Running the script with these changes will produce a plot that should look very similar to this:
Figure 3 - Same as Figure 2 but with the definition of disparate impact that Fairlearn uses, i.e., $\text{min}( (\text{PR} | [\text{M}]) / (\text{PR}), (\text{PR}) / (\text{PR} | [\text{M}]) ) \geq 0.9$. In this experiment, we used a single Fairlearn model with $\epsilon=0.9$ because the constraint was identical to the constraint used in the QSA model, which was not true in the previous set of experiments.
The results are very similar to the previous experiments. As before, the QSA takes more data than the baselines and Fairlearn to return solutions, but those solutions are safe. The solutions from the Fairlearn model are frequently unsafe.

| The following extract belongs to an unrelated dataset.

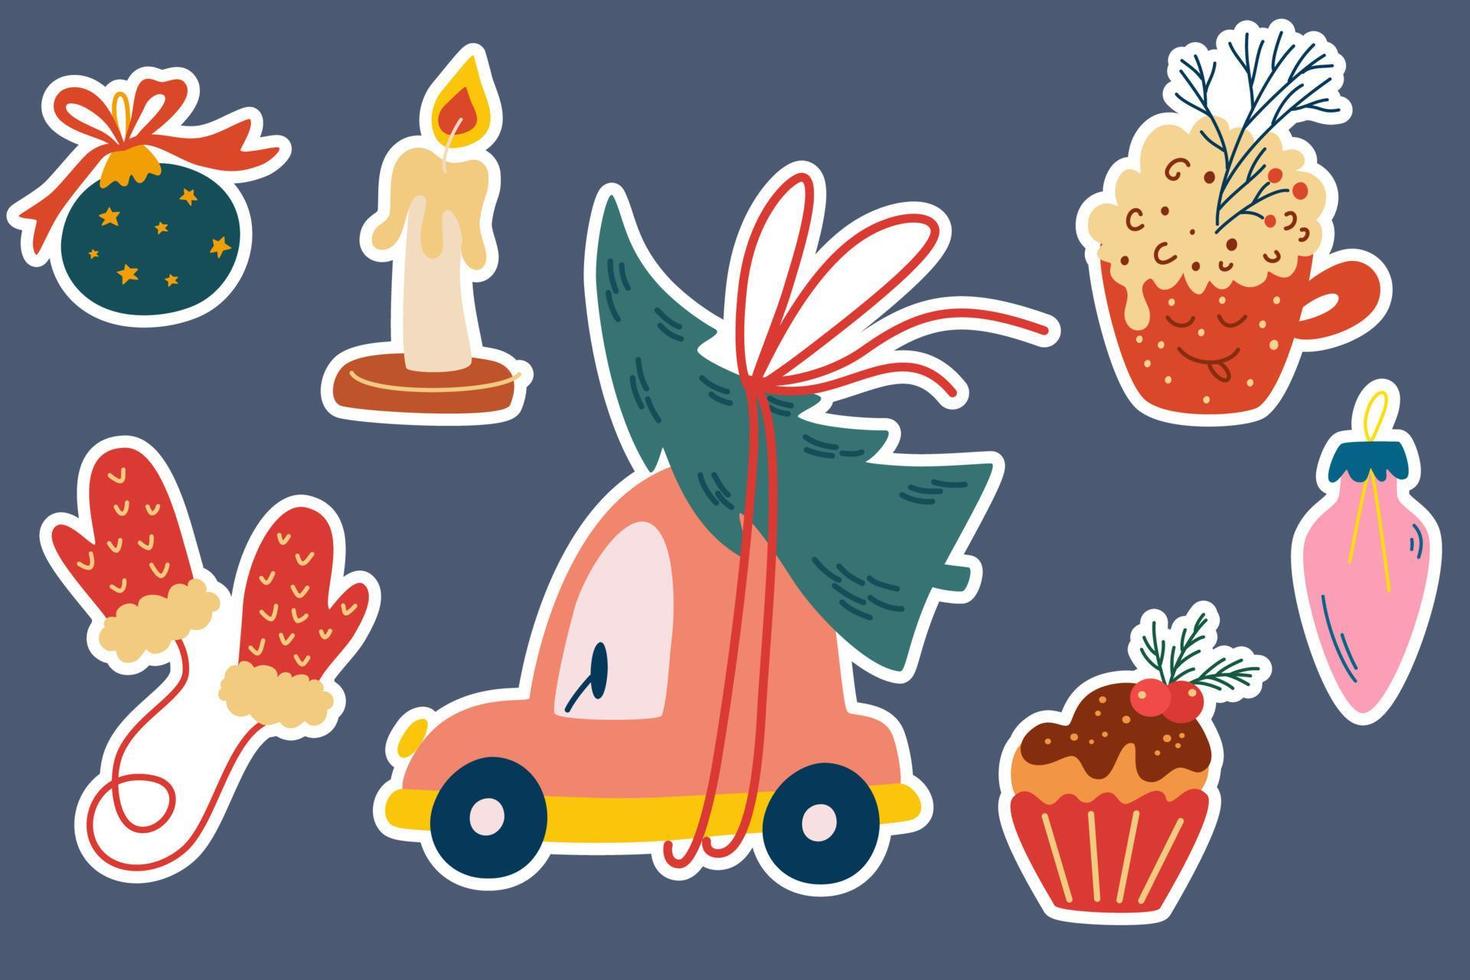 adesivos de natal. carro com uma árvore de natal, decorações, luvas, balões, doces e velas perfeitos para cartões, convites, flayers. ilustração de férias dos desenhos animados do vetor. vetor
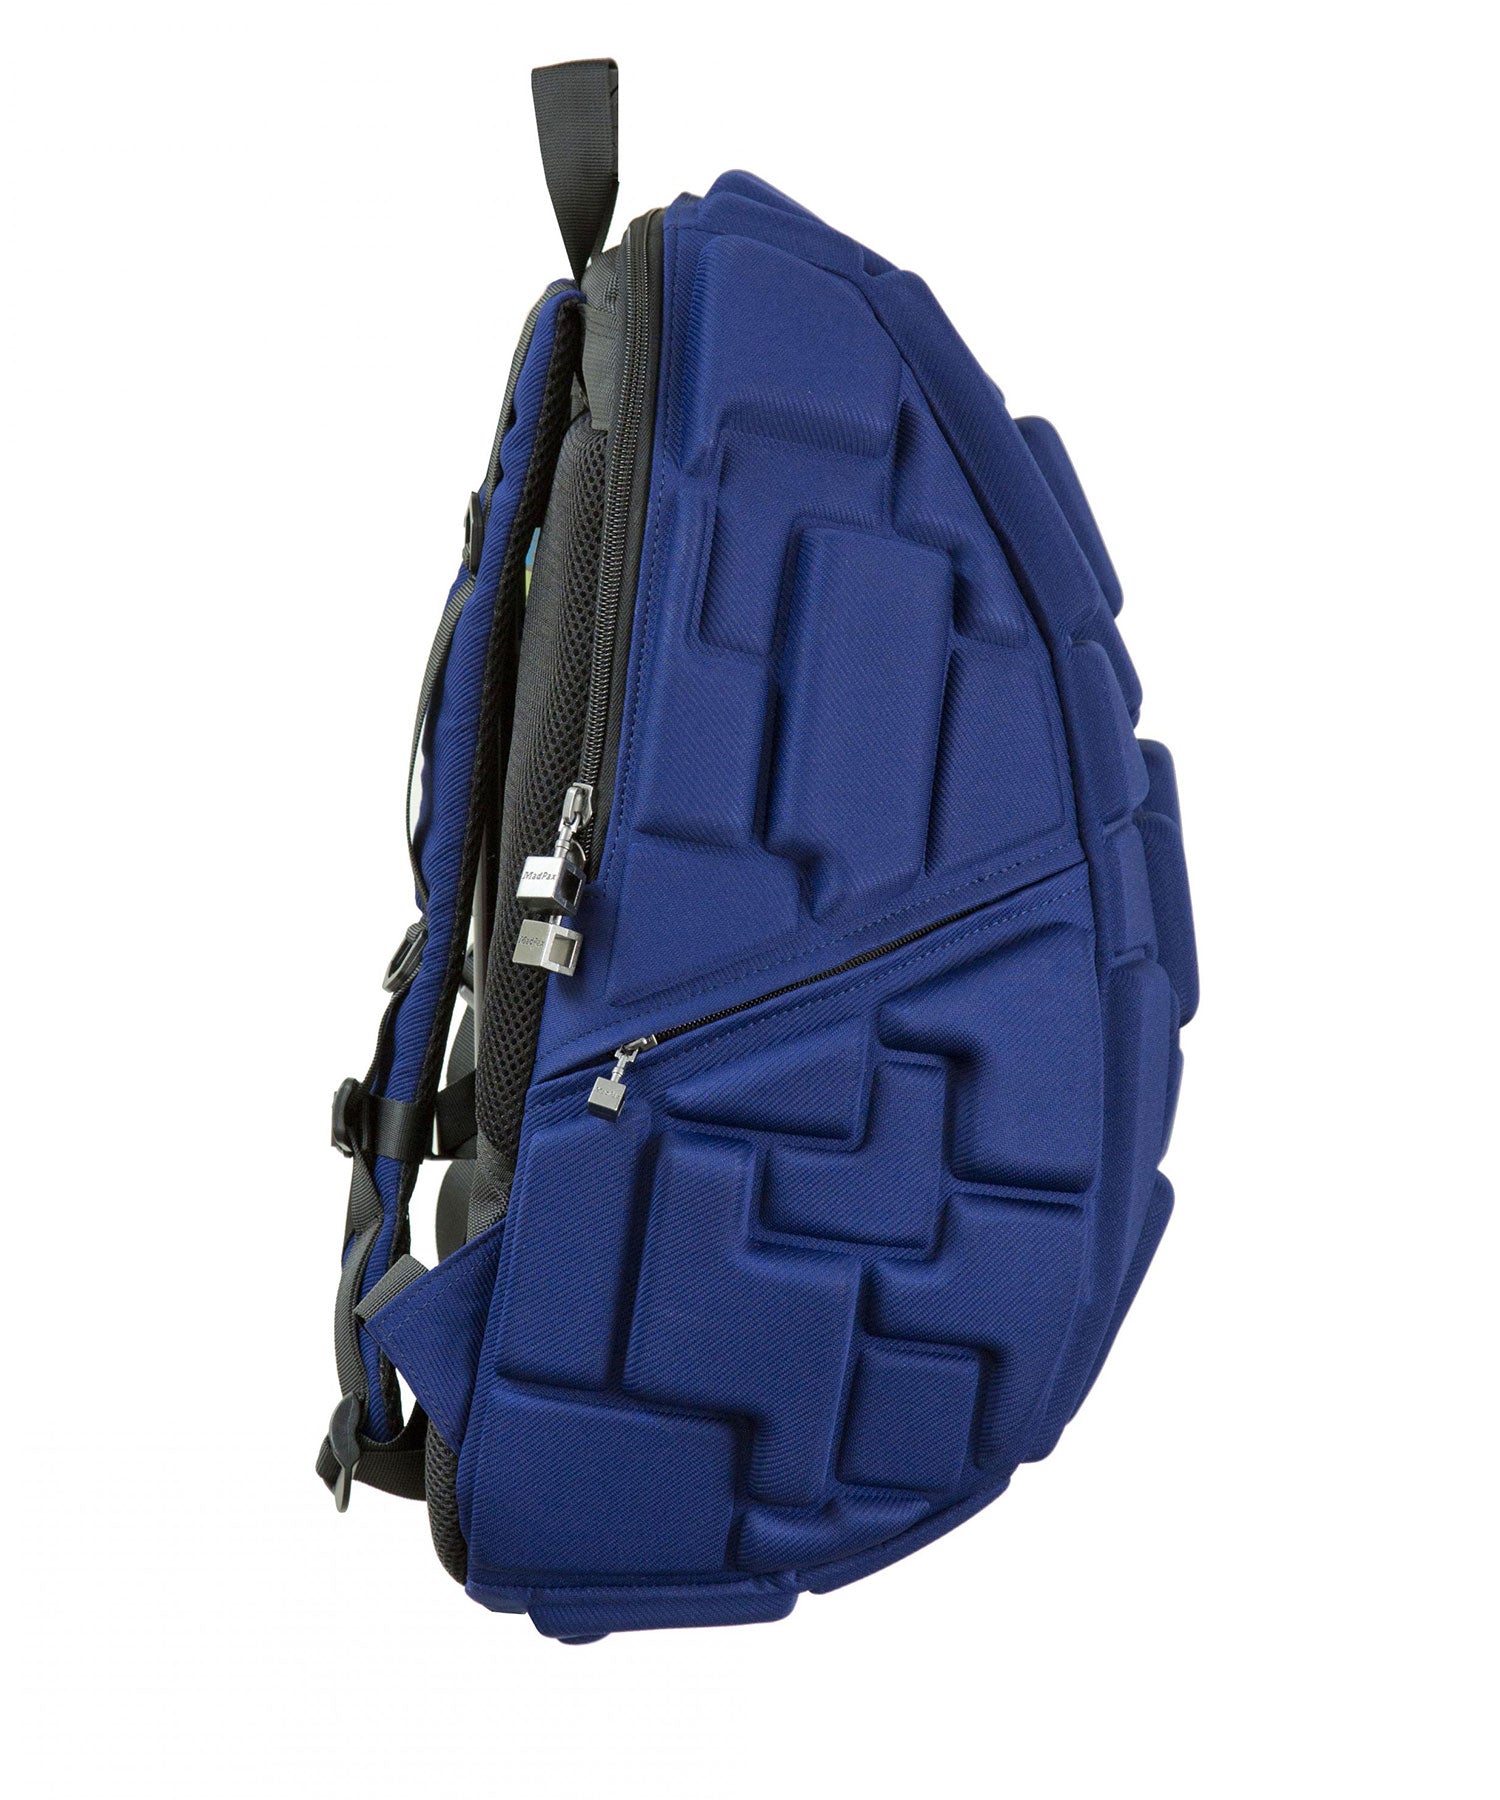 MADPAX BLOK / WILDBLUEYONDER / FULLPACK حقيبة ظهر زرقاء

We could use the same procedure we just carried out to change the fairness definition entirely. For example, another common definition of fairness is equalized odds, which ensures that the false positive rates and false negative rates simultaneously do not differ within a certain tolerance. Let's define the constraint string that the engine can understand: $\text{abs}((\text{FPR} | [\text{M}]) - (\text{FPR} | [\text{F}])) + \text{abs}((\text{FNR} | [\text{M}]) - (\text{FNR} | [\text{F}])) \leq 0.2$. Repeating the same procedure as above to replace the constraint with this one and create a new spec file, the only changes we need to make to the experiment script are:
constraint_name = 'equalized_odds'
fairlearn_constraint_name = constraint_name
fairlearn_epsilon_eval = 0.2 # the epsilon used to evaluate g, needs to be same as epsilon in our definition
fairlearn_eval_method = 'two-groups' # the epsilon used to evaluate g, needs to be same as epsilon in our definition
fairlearn_epsilons_constraint = [0.01,0.1,0.2,1.0] # the epsilons used in the fitting constraint
We also need to point to the new spec file we created for the new constraint. Running the experiment for this constraint, we obtain the following figure:
Figure 4 - Same as Figure 2 but enforcing equalized odds instead of disparate impact.
Summary
In this tutorial, we demonstrated how to use the Seldonian Toolkit to build a predictive model that enforces a variety of fairness constraints on the German Credit dataset. We covered how to format the dataset and metadata so that they can be used by the Seldonian Engine. Using the engine, we ran a Seldonian algorithm and confirmed that we were able to find a safe solution. We then ran a serires of Seldonian Experiments to evaluate the true performance and safety of our quasi-Seldonian algorithm (QSA) using different fairness definitions.
We found that the QSA can flexibly satisfy a range of custom-defined fairness constraints and that the model does not violate the constraints. We compared the QSA to several baselines that do not enforce any behavioral constraints as well as one model, Fairlearn, that does enforce constraints. We found that the performance of the QSA approaches the performance of a logistic regression model that lacks constraints. The logistic regression model and the fairness-aware Fairlearn model frequently violate the constraints for some definitions of fairness.